Food Is Au Naturel at Expo West
The FoodTrients team attended the Natural Products Expo West at the Anaheim Convention Center held March 7-10. We found a mountain of interesting new, all-natural and organic products that will be hitting store shelves in the months to come. The show is one of the biggest gatherings of the top existing brands and newcomers in the natural and organic product category. Over 62,000 people from the industry and the media attended the four-day event. We discovered even more FoodTrients-filled foods than ever – from the exotic to re-created classics. It’s clear that today’s shopper is savvier than ever and looking for great-tasting foods that are safer, healthier and labeled with transparency. “No GMOs” was a battle cry for many of the vendors who exhibited there.
What follows are just a few of the highlights of the great-tasting, good-for-you foods we found.
A company from South Africa called Rozendal (rozendalvinegar.co.za/home) is making botanical vinegars that are mellow and infused with teas and herbs. They start with Merlot and Cabernet grapes, add herbs like rosehip, elderflower, and lavender, and then ferment the vinegars in small barrels for 12 years. The flavors are astonishingly good. We’ll be developing recipes around some of them, like the Green Tea Vinegar and the Hibiscus Vinegar.
The ‘grow-your-own” food trend was well represented with companies offering products like Micro Greens kits , Mushroom Gardens, and the Fresh Life Spouter (sprout growers). There was even a Do-It-Yourself Pickling Kit that will be hitting stores soon.

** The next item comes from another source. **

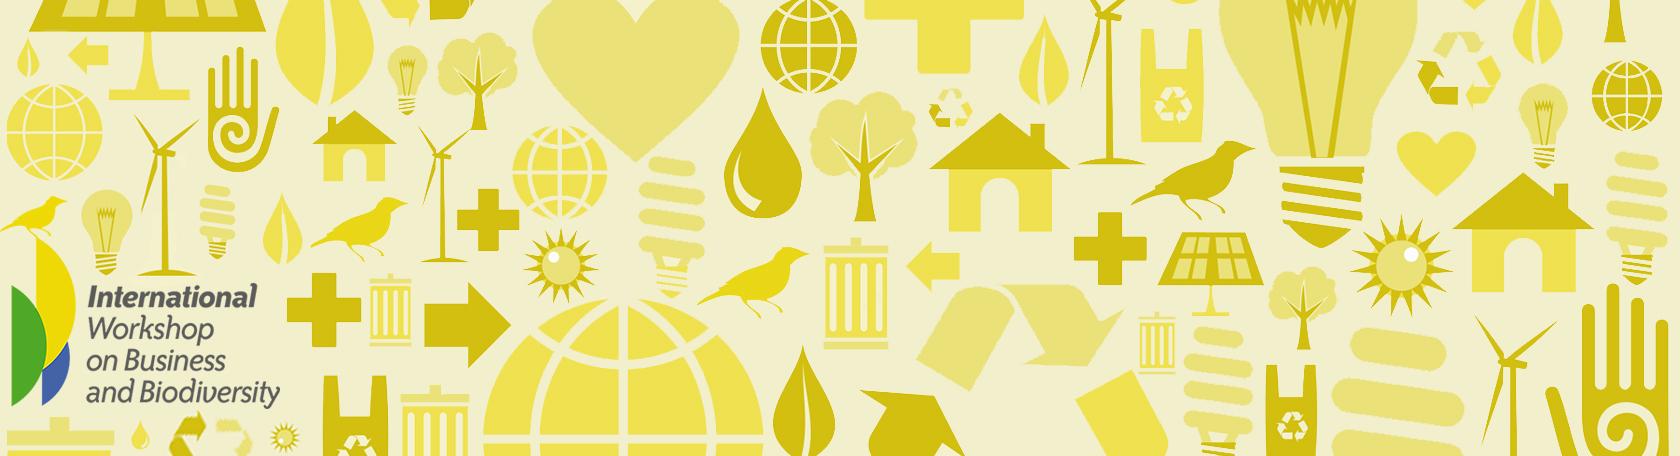 3º Workshop Internacional de Negócios e Biodiversidade tem inscrições abertas

We came across many artisan food companies which were demonstrating original and delicious products we hadn’t seen before. Sosu Artisan Sauces out San Francisco had outstanding artisanal ketchup, sriracha sauce, and Thai ketchup. Al Dente Artisanal Pasta had a new line of fettuccine made with ground chia seeds. The pasta wasn’t gritty like some whole-grain pastas can be. One of the chia pastas was also flavored with spinach.
New and unusual drinks were plentiful. Reed’s, the company that makes tangy ginger brews has perfected komucha—a fermented beverage full of probiotics. Kombuchas can have a very vinegary taste and uneven texture. Reed’s has a Cabernet Grape Kombucha that drinks almost like a wine. The Cranberry Ginger flavor is also mellow and very pleasant to drink. We tasted a new, experimental line of Mangosteen Super Fruit Juice Drinks from Amy & Brian. Fresh mangosteen is hard to come by, but quite tasty and good for you. These drinks, also flavored with goji berries, passionfruit, or pomegranate, deliver on mangosteen flavor and nutritional benefits.

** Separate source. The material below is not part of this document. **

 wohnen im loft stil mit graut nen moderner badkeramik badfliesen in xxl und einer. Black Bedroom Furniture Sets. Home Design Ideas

Products made from grass-fed cows turned up on quite a few aisles. Teton Waters Ranch raises cattle on grassy pastures in Idaho without growth hormones or antibiotics. The resulting steaks, ground beef, and hot dogs are high in omega-3 fatty acids and low in saturated fats. Organic Valley showed off its Grassmilk, non-homegenized whole milk, 2% milk, and fat-free milk. Rumiano Family Organic Cheese had a whole line of organic, certified non-GMO cheeses made with grass-fed-cow’s milk, including mozzarella, sharp cheddar, pepper jack, and colby.

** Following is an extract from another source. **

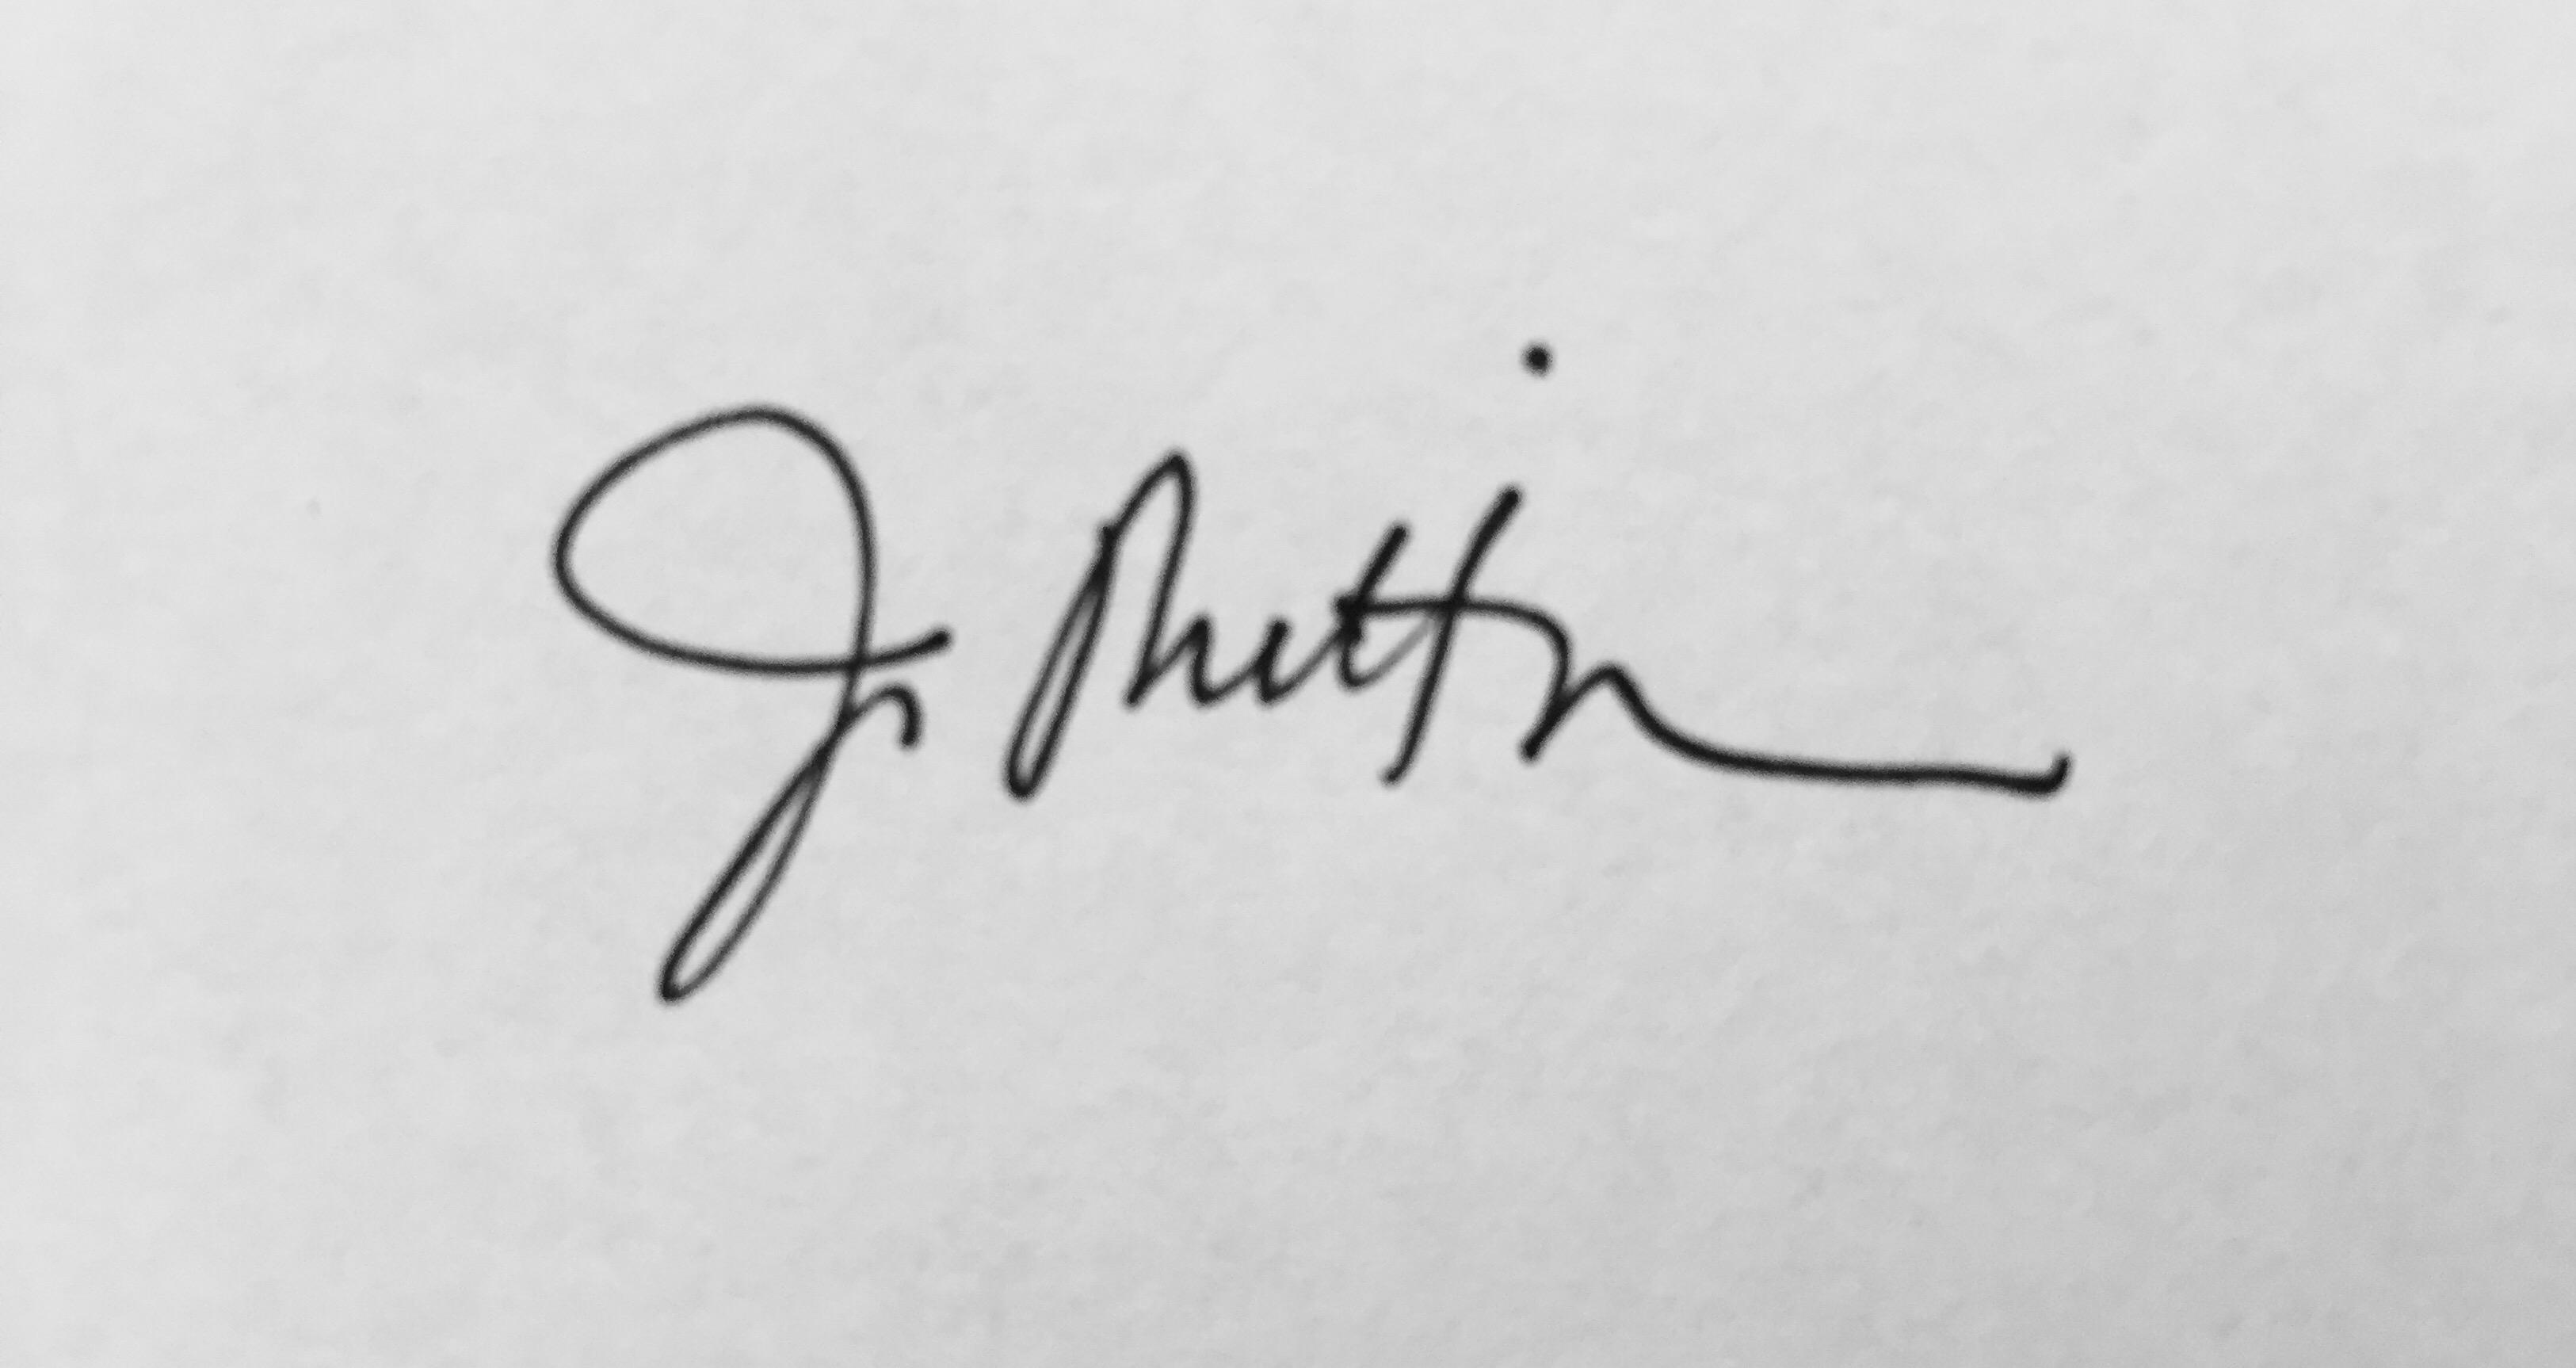 Joanna Mittman's Signature

Finally, we found some sweet treats that were exciting. Everywhere we turned there was frozen yogurt and ice “cream” made with coconut milk instead of cream. Much of it was wonderful. We were thrilled to see that the Oregon Cherry Growers had developed an all-natural maraschino cherry line called Royal Harvest. They had a dark Bordeaux flavor and the yellow Rainiers in jars. From Armenia came Harvest Song with its whole, green, walnuts preserved in sugar syrup and its Tea-Rose-Petal Preserves. Over in Arizona, the Almond Brothers had gotten their hands on a German copper kettle roaster and were duplicating with perfection the addictive, hard-glazed nuts sold on the streets in Europe. One bite will take you back to Paris or Munich or Luxembourg City in a heartbeat.